## WHAT IS BEING ASKED
Nothing but the lines from the one holding "Fabonics Enchanted Garden" to the final line of the listing below, both included, should be repeated, and each must match exactly. Omit pictures.

## INPUT DATA
● ● ● ● ●
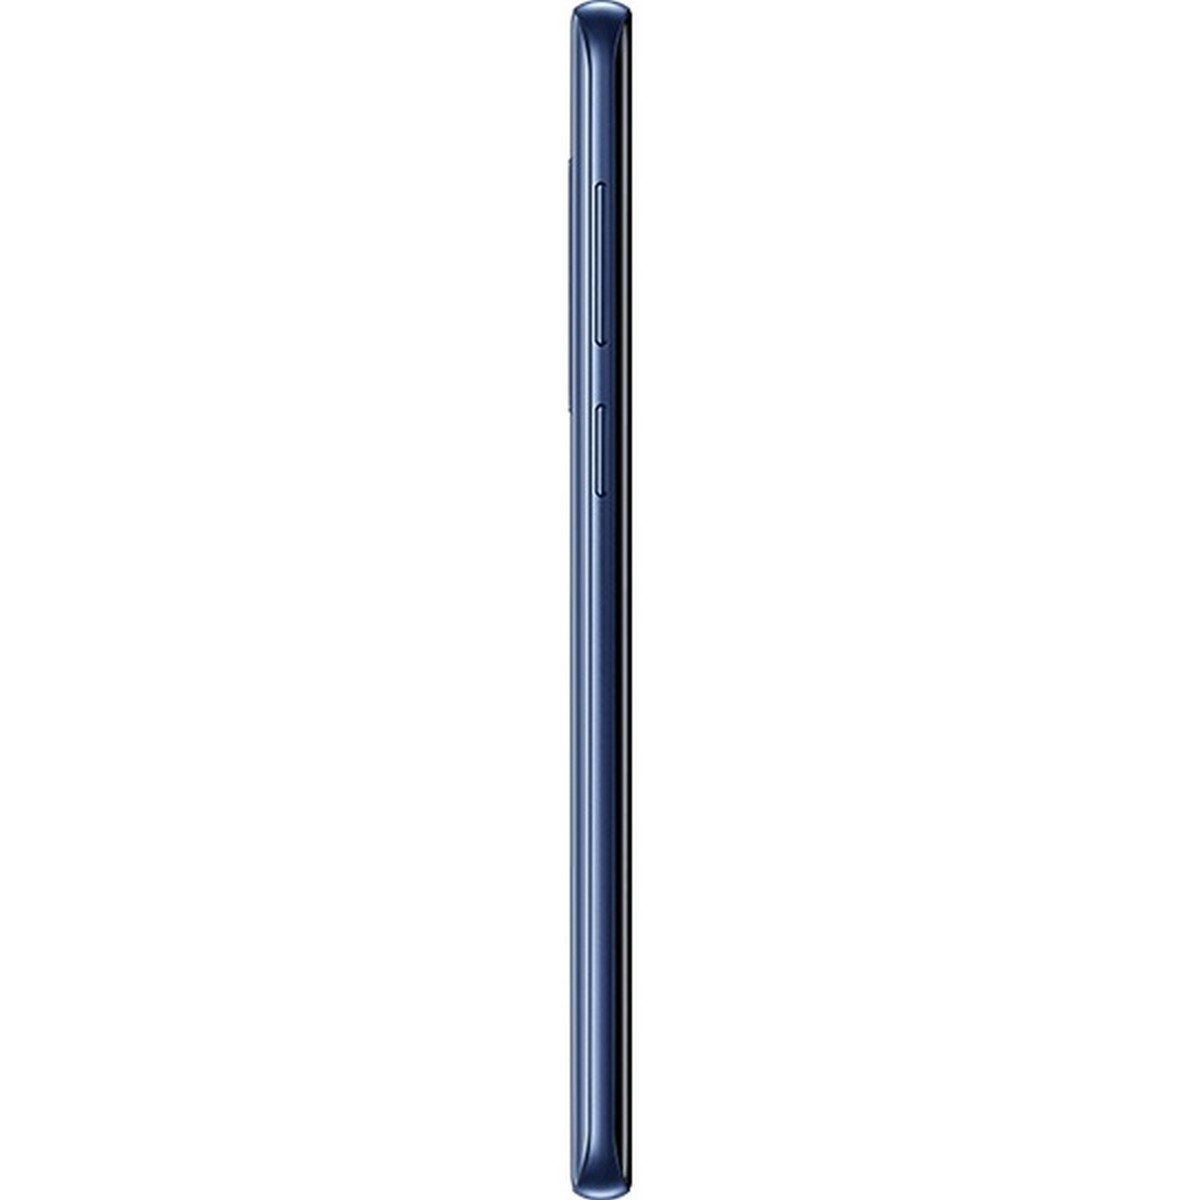 Samsung Galaxy S9 SMG960 64GB 4G Coral Blue
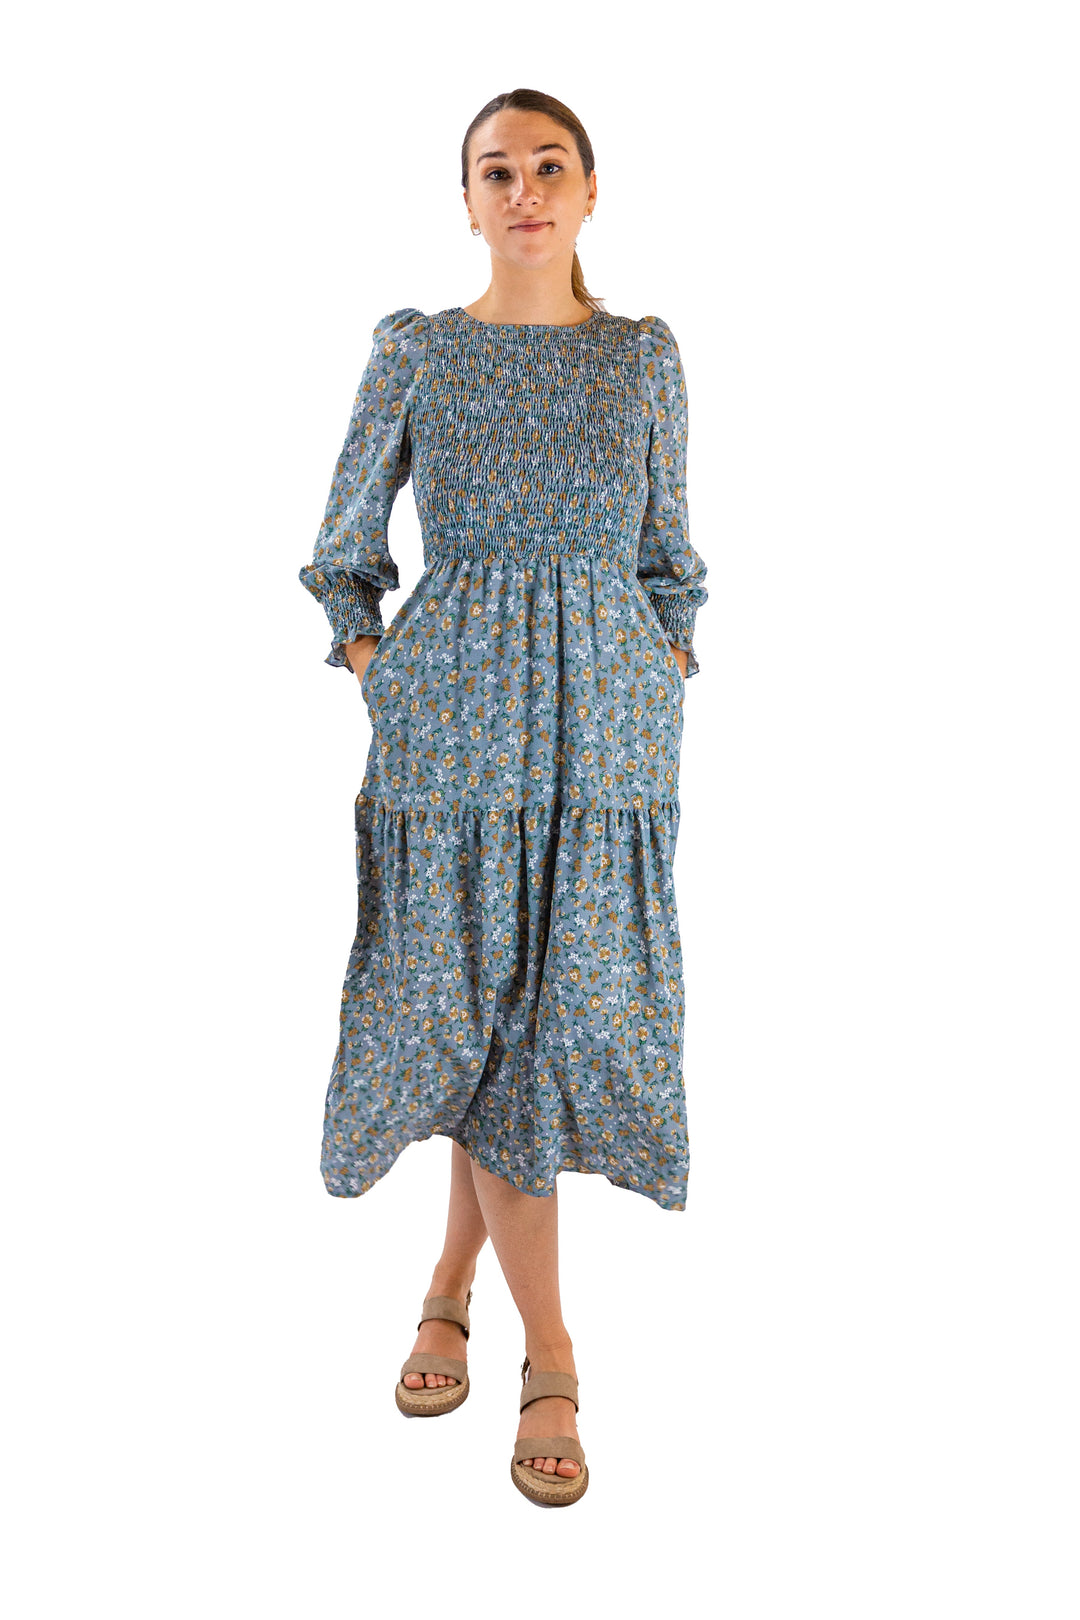 Fabonics Enchanted Garden Blue Floral Midi Dress with Three-Quarter Sleeves
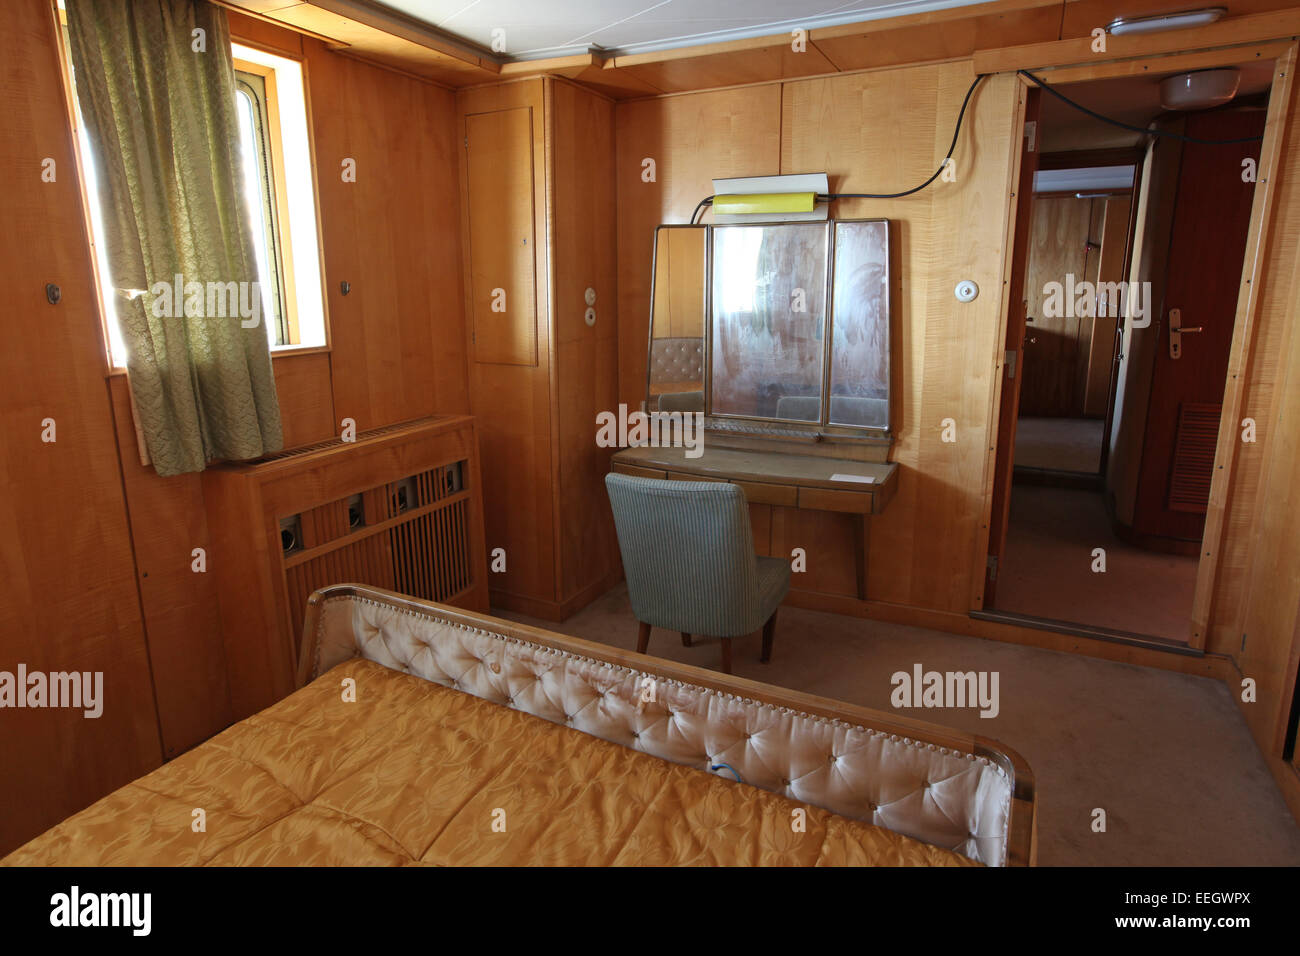 Jovanka Broz sleeping room interior on board of Tito presidential yacht Galeb moored  in the harbor of Rijeka, Croatia. Stock Photo
● ● ● ● ●
## SOLUTION FOR THIS TASK
 Fabonics Enchanted Garden Blue Floral Midi Dress with Three-Quarter Sleeves
 Jovanka Broz sleeping room interior on board of Tito presidential yacht Galeb moored  in the harbor of Rijeka, Croatia. Stock Photo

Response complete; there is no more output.